Wed Oct 12 11:06:54 PDT 2005

On Wed, 2005-10-12 at 10:42 -0700, Greg Lindahl wrote:
> On Wed, Oct 12, 2005 at 12:05:13PM +0100, Ashley Pittman wrote:
> 
> > Thirdly is the performance issue, any MPI vendor worth his salt tries
> > very hard to reduce the number of function calls and library's between
> > the application and the network, adding another one is a step in the
> > wrong direction. This may not matter so much for ethernet clusters but
> > certainly for some people the software stack accounts for a surprising
> > percentage of "network" latency.
> 
> OK, so that's a new item for the Technical List Of Things To Do:
> measure the overhead. I suspect it'll turn out to be small, even for
> interconnects that care about 50 nanoseconds of additional overhead.

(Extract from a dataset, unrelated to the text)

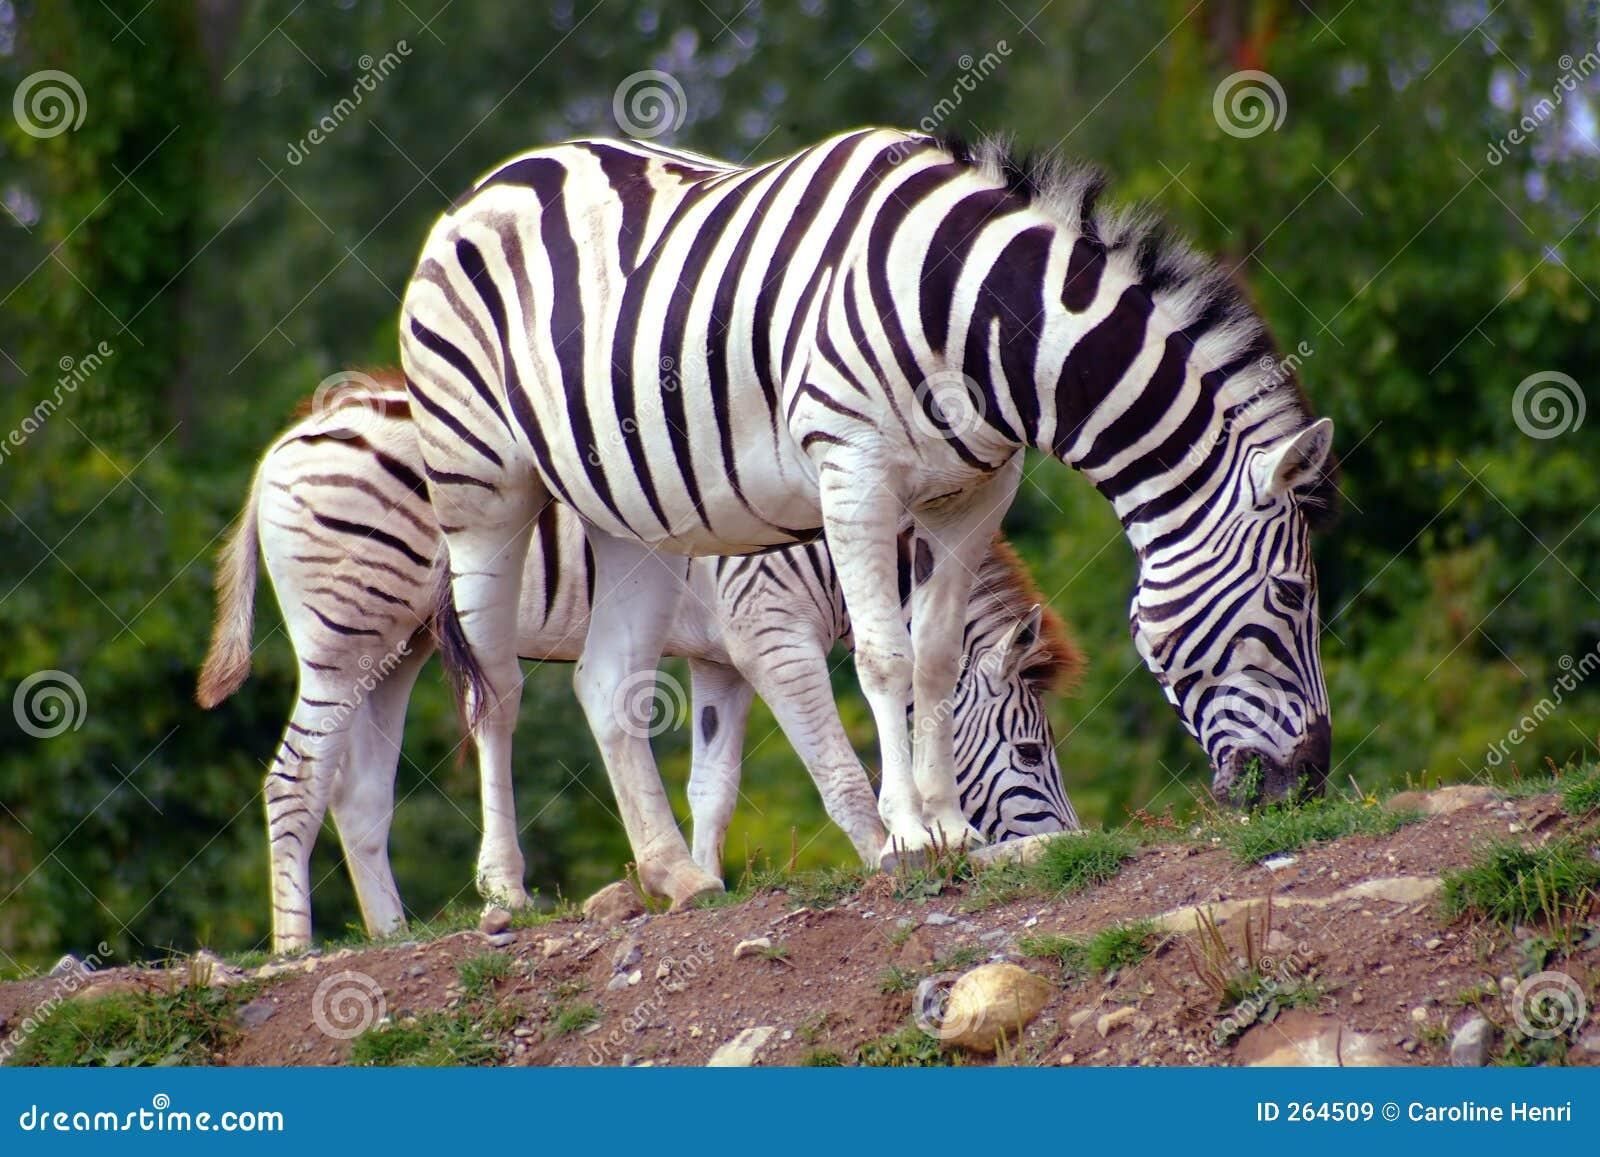 Baby Zebras In Africa Baby Zebras In ...

As it turns out I'm in a position to measure this fairly easily, our MPI
sits on top of a library called libelan, this does all the tag matching
at a very low level, all MPI does is convert the communicator into a bit
pattern, calculate the length from the type and count and convert from
lrank to grank, passing the call on.  Using tping to measure libelan
directly I get 1.24 uSec for a zero byte message, using mping I get 1.34
for the same message.  The only difference is the MPI layer of the
stack.  8% is worth caring about.

Of course you could argue that our MPI library is actually doing a fair
amount of work but I'm not sure that it is, a couple of array lookups,
some bit shifting and a few multiplies.  Even with today's processors
code isn't free and it seems to be that this is amplified when you have
to jump between library's to get at that code.

Regardless of the numbers this is a *high performance* industry and
doing this would be a step in the wrong direction.

If you want figures for shared vs static vs function pointer lookup
tables there was a paper about it at the MPI conference earlier this
month, IIRC the conclusion was (the paper is at my house so not to hand)
that it made little difference but as I said before apples and oranges,
that was for function redirection.

Ashley,